Consider lighter weight CI infrastructure.

changed due date to February 28, 2022

changed milestone to %Policy issues: 2023 winter meeting

added testing label

changed the description

mentioned in issue #4217 (closed)

removed milestone %Policy issues: 2023 winter meeting

added Discuss2022 winter meeting label

We didn't discuss testing or CI infrastructure at the winter planning meeting. I propose that we collect this and other outstanding issues related to testing and CI infrastructure into a milestone that we can review at one or more biweekly meetings in January or February to see how much effort is available for ~6 months (and from whom), and reject, accept with timeline, or postpone all such issues.

changed the description

We are going to try and be a bit more structured for our quarterly developer meetings to avoid having a few topics take >50% of the time.

This item has (possibly previously) been marked for potential discussion at the meeting. In order to enable that, please provide an update of the current status here, and what the specific items that need to be discussed among all developers are.

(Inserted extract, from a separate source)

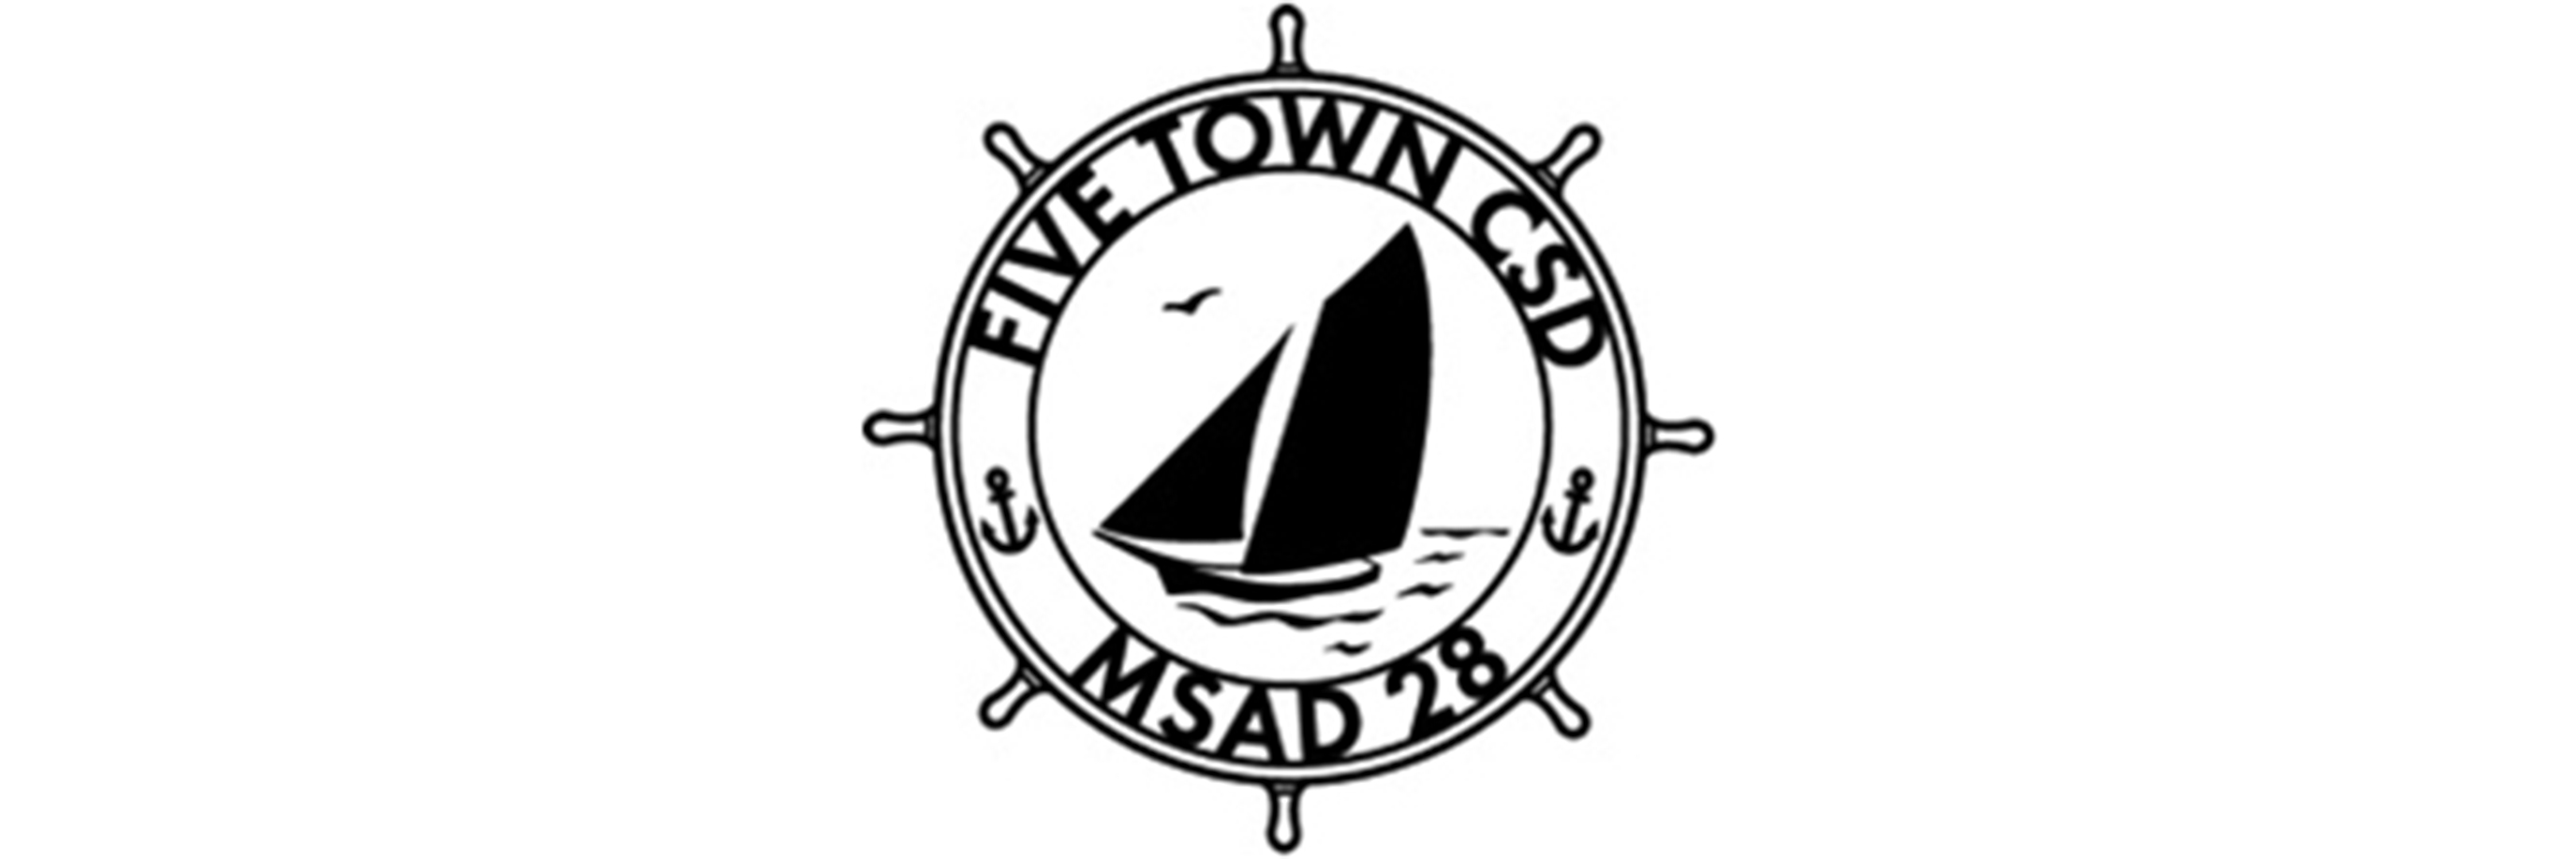 Five Town CSD/MSAD #28

To enable everyone to contribute, and make sure we move forward, the discussion for each issue at the meeting should start with a max 5 minute presentation of the issue (including a few slides) that concludes with one or more specific decision proposals - and the decisions will be made at (or directly after) the meeting.

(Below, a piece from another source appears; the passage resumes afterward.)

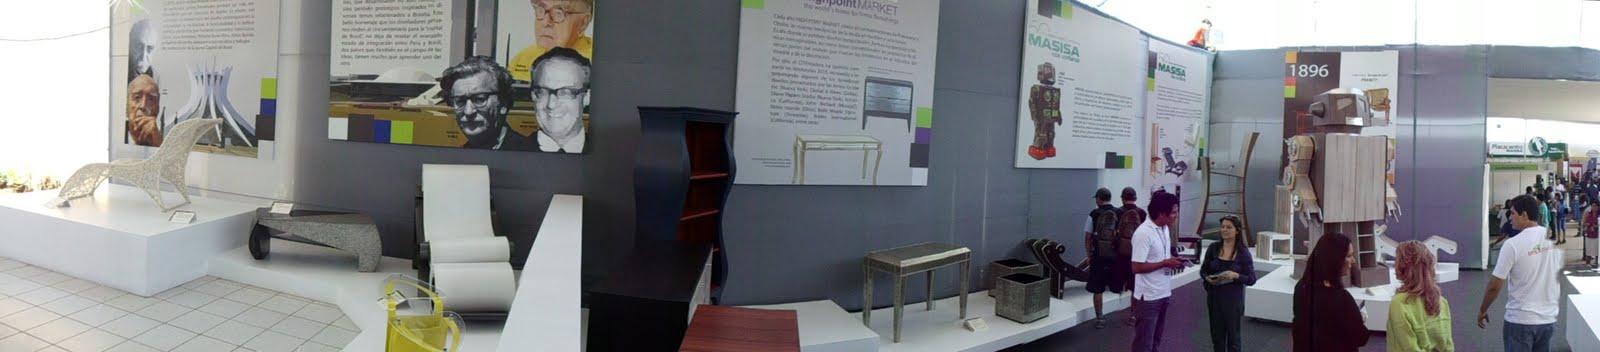 Dise a per innova muebles 2011 for Innova muebles

If resources for development, discussions or code review are needed from other developers, please estimate what those are, and e.g. what code review effort for other merge requests can be offered in return.

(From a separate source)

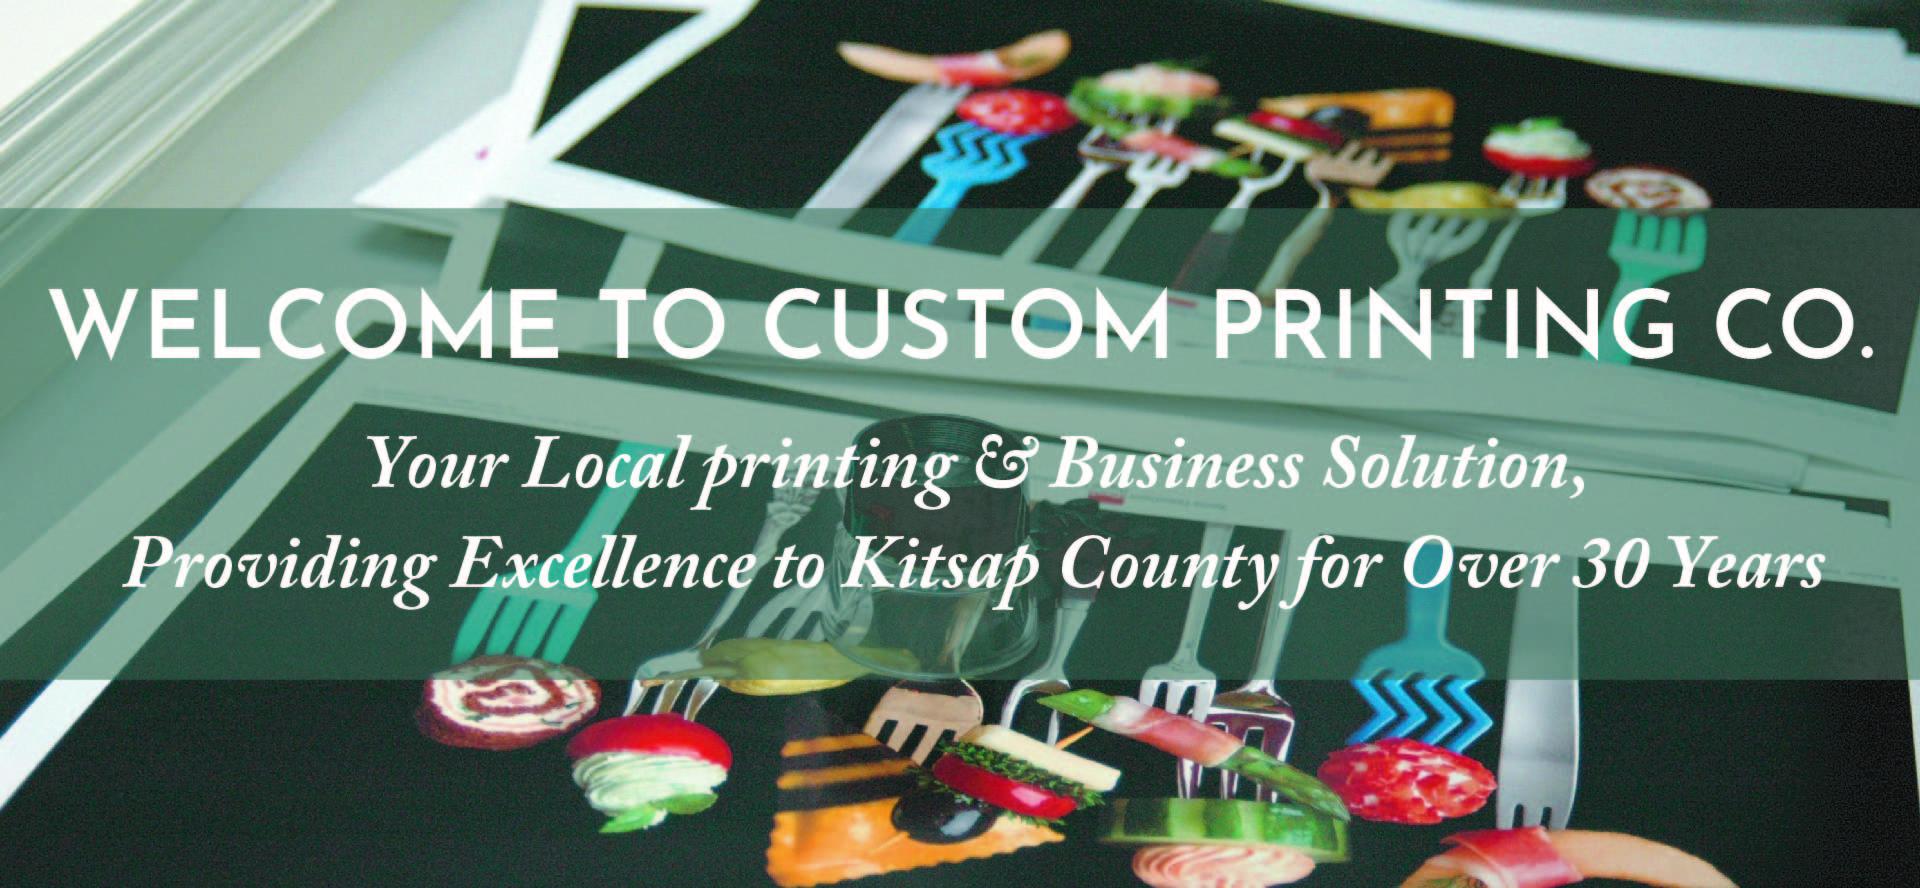 Welcome To Custom Printing

To enable us to schedule: Please make a note in this issue who will prepare slides and present the issue at the meeting at the latest Monday March 14.

I can present the issue.

removed due date

Two comments:

Container size in terms of storage is no longer an issue, since we have infinite storage both through GitLab and Docker as an open-source organization now. They will also be cached (we have ~ 1TB on each node) pretty efficiently after the first download, so I don't think it will typically be a bottleneck. Thus, I don't think it's the highest priority to optimize for, even though a minimal image would be good.
One important reason for separating stages is that resources are not equivalent. Configurations only use a single core, so allocating 4-8 cores to such stages will potentially waste a lot of resources, and in principle the artefact from this stage should be tiny - if it isn't, that might be worth looking into?
Similarly, when it comes to testing, some of our test setups use VERY special/limited resources such as dual GPUs. While the actual tests absolutely need to run on the relevant hardware, the corresponding builds don't. As a comparison, we have roughly ~70 slots for jobs that will be guaranteed 4 cores, but only 3 slots that can use dual NVIDIA GPUs.

In terms of guesses/suggestions, I wonder if we somehow keep storing all old stuff in ccache too, which might lead to a constant increase in size? At least for tests, I also don't see that we need all source or other files - just the test binaries and library should be sufficient.

I don't think that we will have a lot of time to work on this during this development cycle, so I would retarget it and make sure we don't waste time on this during the planning meeting

We could talk briefly at a planning meeting about what problems are worth investigating, and allocating effort. But I don't think we can undertake any of this effort from about July through January, generally, so I'm not sure whether it makes sense to try to schedule it for discussion again before ~November.

That's a bit far ahead for me, though. You can assign me if you want, but I can't make a firm commitment to coordinate discussion if we target it that far out.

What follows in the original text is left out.